We will try and pull the exchange rate from the Euro to the USD.

In order to find where the price is situated in the HTML document, we must look at the document's source code. By right clicking on a page in a browser, an option should be displayed allowing you to view the source.

We must inspect the source so that we can find the element that houses this value.
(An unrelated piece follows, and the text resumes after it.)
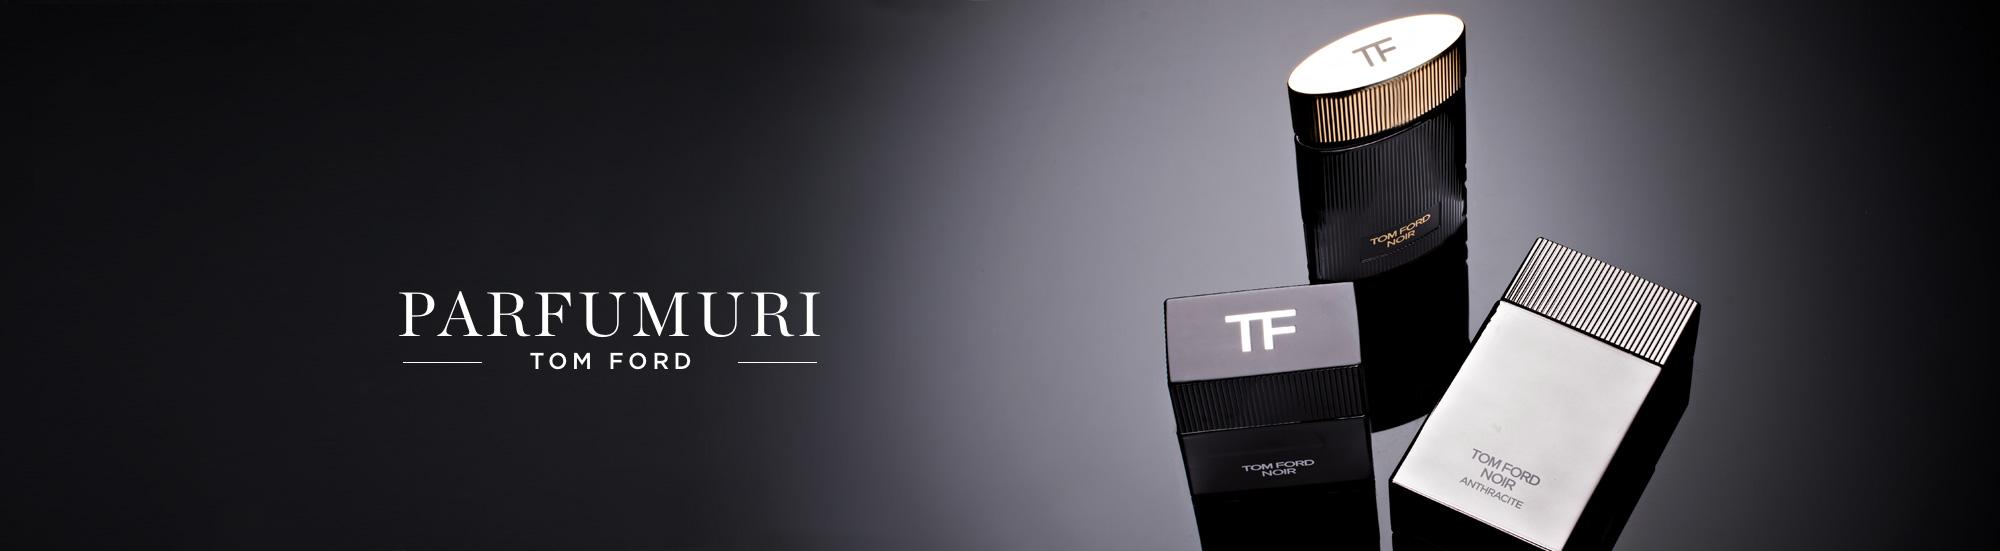 Tom Ford Parfumuri Bestvalue Duty Free Experience

We can then use the python's BeautifulSoup package to **read and traverse through the HTML element tree** in order to extract the data that we want.

There are three basic steps to scraping a single page:

    1. Get (request) the page
    2. Parse the page content (read and interpret the document structure)
    3. Search through the content of interest


Below is the example of a script that will access and display the population value for NZ:


In [None]:
#we first need to make some extra imports
import json
from time import sleep
from datetime import datetime


**STEP 1: GET** Access the page and read it into the beautiful soup object

In [None]:
url = "https://tradingeconomics.com/"
response = requests.get(url) 
response

### --- WARNING --- 

ALWAYS FIRST MAKE SURE THAT THE RESPONSE IS 200 - OTHERWISE YOU MIGHT HAVE AN ERROR, IN WHICH CASE YOU'D BE BEST TO STOP AND NOT TRY TO PROCESS THE DOCUMENT, SINCE THERE WILL BE NOTHING TO PROCESS

In [None]:
page = response.content

In [None]:
page[:10000]

**STEP 2: PARSE** Create a BeautifulSoup object that reads and parses the HTML page into a format that we can search and traverse.

In [None]:
scraping = BeautifulSoup(page, "lxml") 
scraping

Now we can search for a given tag, id or class name.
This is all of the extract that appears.